01:175:377:02 Modern French Cinema

This course surveys the history of French cinema from World War II to the present. These are tumultuous years; they include the "New Wave" of the late 1950s and 1960s (works of Resnais, Godard, and others), the return to traditional forms in the 1970s and 1980s (but often with untraditional content, as in the disturbing comedies of Bertrand Blier), the "New New Wave" that followed (films by Olivier Assayas and Claire Denis, among others), and the radically diverse cinema of the present day. Films screened will be examined both in their historical-political context and as works of art and/or entertainment. Please note that several films contain adult themes and situations, and occasional (full) nudity. [This course fulfills Core Requirements AHp]

Instructor: WILLIAMS

 

01:175:377:03 Classics of Italian Cinema

This course provides a historical introduction to Italian cinema, concentrating on examples of classical genres and movements, such as the early silent epic, the classics of neorealism, auteurs of the 50’s, 60’s and 70’s, the commedia all’italiana (comedy, Italian style), and the spaghetti Western. We will examine issues of cinematic representation and production, and societal values (e.g., gender, family relations, and national identity vs. local cultures), while refining close-analysis skills. No knowledge of Italian is required.

Instructor: GAMBAROTA

 

01:175:425 Senior Seminar in Cinema Studies:

The Documentary: Truth and Fiction in the Cinema

Description: This course explores the categories of truth and fiction in the cinema through the lens of the documentary. Our focus will be on the history and legacy of an international film movement known as cinéma vérité, which challenged conventional notions of documentary “truth” and “objectivity” in the 1960s and 1970s. By examining core concepts and techniques of the movement—for example, its experimentation with improvisation, participation, and provocation—we will develop an understanding of how and why cinéma vérité filmmakers tried to revolutionize documentary modes that had dominated much of the 20th century.
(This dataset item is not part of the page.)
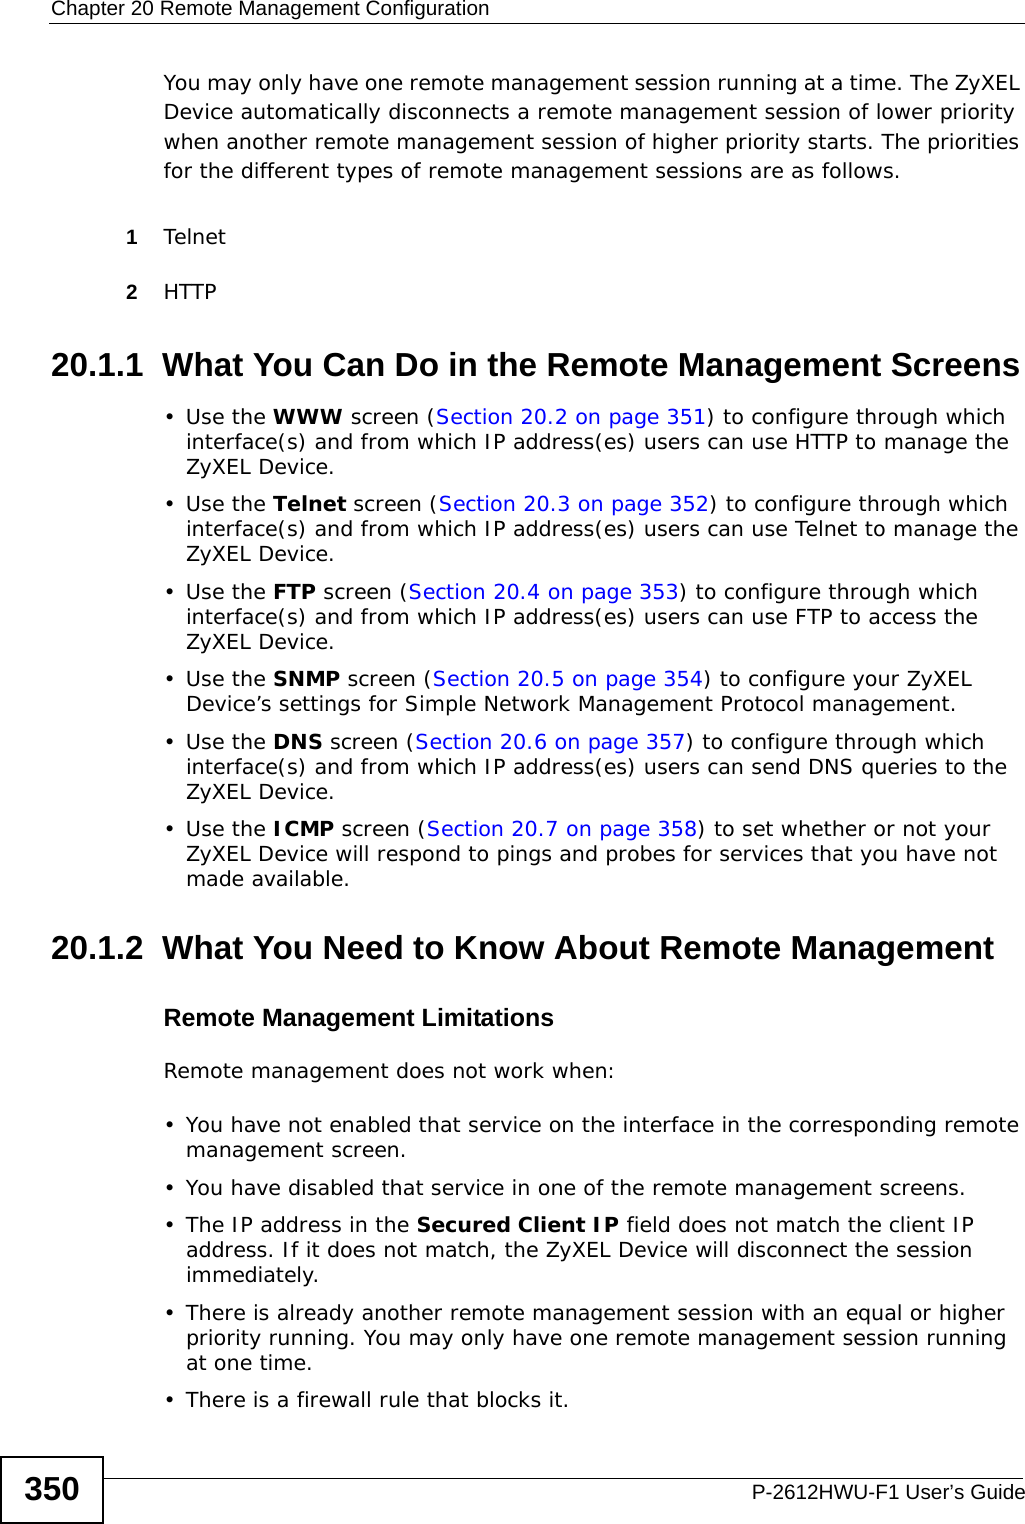 Chapter 20 Remote Management ConfigurationP-2612HWU-F1 User’s Guide350You may only have one remote management session running at a time. The ZyXEL Device automatically disconnects a remote management session of lower priority when another remote management session of higher priority starts. The priorities for the different types of remote management sessions are as follows.1Telnet2HTTP20.1.1  What You Can Do in the Remote Management Screens•Use the WWW screen (Section 20.2 on page 351) to configure through which interface(s) and from which IP address(es) users can use HTTP to manage the ZyXEL Device.•Use the Telnet screen (Section 20.3 on page 352) to configure through which interface(s) and from which IP address(es) users can use Telnet to manage the ZyXEL Device.•Use the FTP screen (Section 20.4 on page 353) to configure through which interface(s) and from which IP address(es) users can use FTP to access the ZyXEL Device.•Use the SNMP screen (Section 20.5 on page 354) to configure your ZyXEL Device’s settings for Simple Network Management Protocol management.•Use the DNS screen (Section 20.6 on page 357) to configure through which interface(s) and from which IP address(es) users can send DNS queries to the ZyXEL Device.•Use the ICMP screen (Section 20.7 on page 358) to set whether or not your ZyXEL Device will respond to pings and probes for services that you have not made available.20.1.2  What You Need to Know About Remote ManagementRemote Management LimitationsRemote management does not work when:• You have not enabled that service on the interface in the corresponding remote management screen.• You have disabled that service in one of the remote management screens.• The IP address in the Secured Client IP field does not match the client IP address. If it does not match, the ZyXEL Device will disconnect the session immediately.• There is already another remote management session with an equal or higher priority running. You may only have one remote management session running at one time.• There is a firewall rule that blocks it.

In the process, we will consider how cinéma vérité continues to influence documentary filmmaking and the broader politics of race, gender, activism, and knowledge in film and related media. The documentary will serve two broader functions in this capstone seminar: 1) Each week will be devoted to using the documentary as a way to think through a foundational category in cinema studies—e.g., realism, spectatorship, ideology, postmodernism, race—so that students develop a deeper understanding of how broad conversations in the discipline are negotiated in a specific subfield. 2) The various ways in which documentaries use evidence, questioning, and argumentation will be used as frameworks for helping students develop their own analytical skills for using evidence, developing questions, and making arguments while writing in the discipline.